You need the GCD. Either use BigInteger like Nathan mentioned or if you can't, use your own.

你需要 GCD。要么像 Nathan 提到的那样使用 BigInteger，要么如果你不能，使用你自己的。

public int GCD(int a, int b){
   if (b==0) return a;
   return GCD(b,a%b);
}

Then you can divide each number by the GCD, like you have done above.

然后你可以将每个数字除以 GCD，就像你在上面所做的那样。

This will give you an improper fraction. If you need a mixed fraction then you can get the new numbers. Example if you had 1500 and 500 for inputs you would end up with 3/2 as your answer. Maybe you want 1 1/2. So you just divide 3/2 and get 1 and then get the remainder of 3/2 which is also 1. The denominator will stay the same.

这会给你一个不正确的分数。如果您需要混合分数，那么您可以获得新数字。例如，如果你有 1500 和 500 的输入，你最终会得到 3/2 作为你的答案。也许你想要 1 1/2。所以你只需除以 3/2 得到 1，然后得到 3/2 的余数，它也是 1。分母将保持不变。

whole = x/y;
numerator x%y;
denominator = y;

In case you don't believe me that this works, you can check out http://en.wikipedia.org/wiki/Euclidean_algorithm

如果你不相信我这行得通，你可以查看 http://en.wikipedia.org/wiki/Euclidean_algorithm

I just happen to like the recursive function because it's clean and simple.

我只是碰巧喜欢递归函数，因为它简洁明了。

Your algorithm is close, but not exactly correct. Also, you should probably create a new function if you want to find the gcd. Just makes it a little cleaner and easier to read. You can also test that function as well.

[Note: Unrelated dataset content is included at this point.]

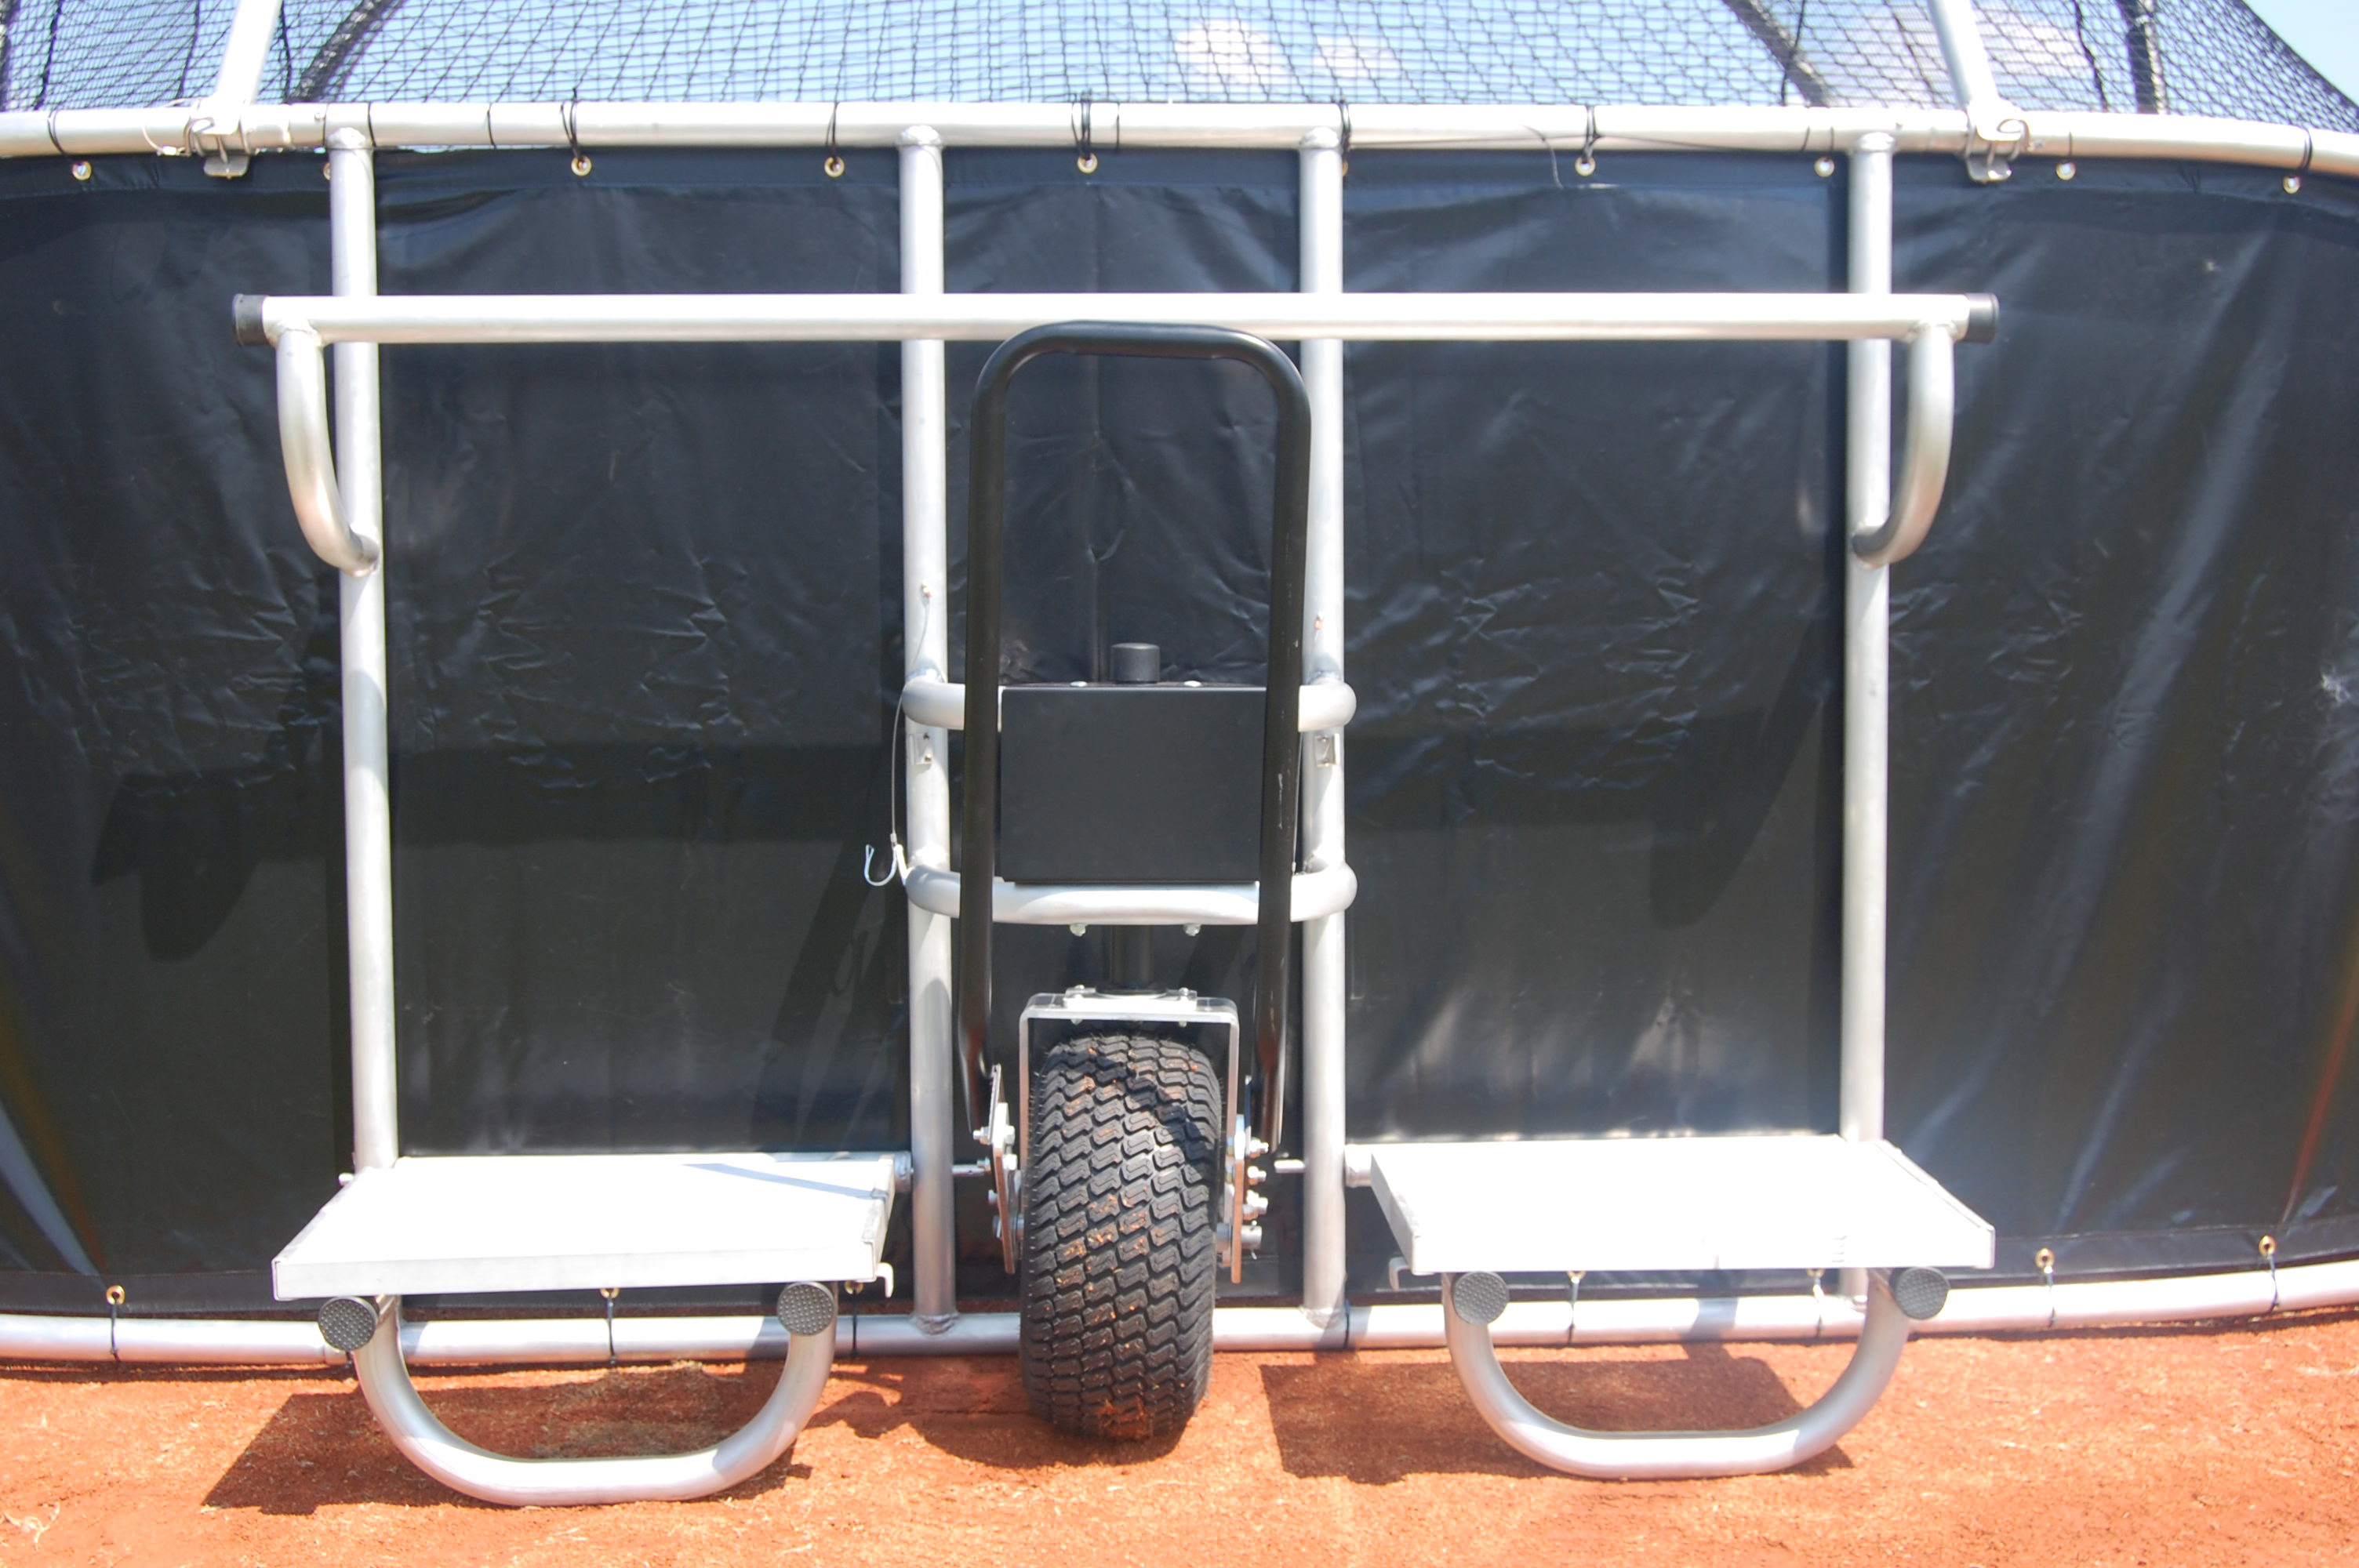 Portable Batting Cage with wheels

你的算法很接近，但不完全正确。此外，如果您想找到 gcd，您可能应该创建一个新函数。只是让它更干净，更容易阅读。您也可以测试该功能。

For reference, what you implemented is the original subtractiveEuclidean Algorithmto calculate the greatest common divisorof two numbers.

作为参考，您实现的是原始减法欧几里得算法来计算两个数字的最大公约数。

A lot faster version is using the remainder from integer division, e.g. %instead of -in your loop:

更快的版本是使用整数除法的余数，例如，%而不是-在循环中：

while (n1 != 0 && n2 != 0){
  if(n1 > n2)
     n1 = n1 % n2;
  else
     n2 = n2 % n1;
}

... and then make sure you will use the one which is not zero.

...然后确保您将使用不为零的那个。

A more streamlined version would be this:

一个更精简的版本是这样的：

while(n1 != 0) {
   int old_n1 = n1;
   n1 = n2 % n1;
   n2 = old_n1;
}

and then use n1. Matt's answer shows a recursive version of the same algorithm.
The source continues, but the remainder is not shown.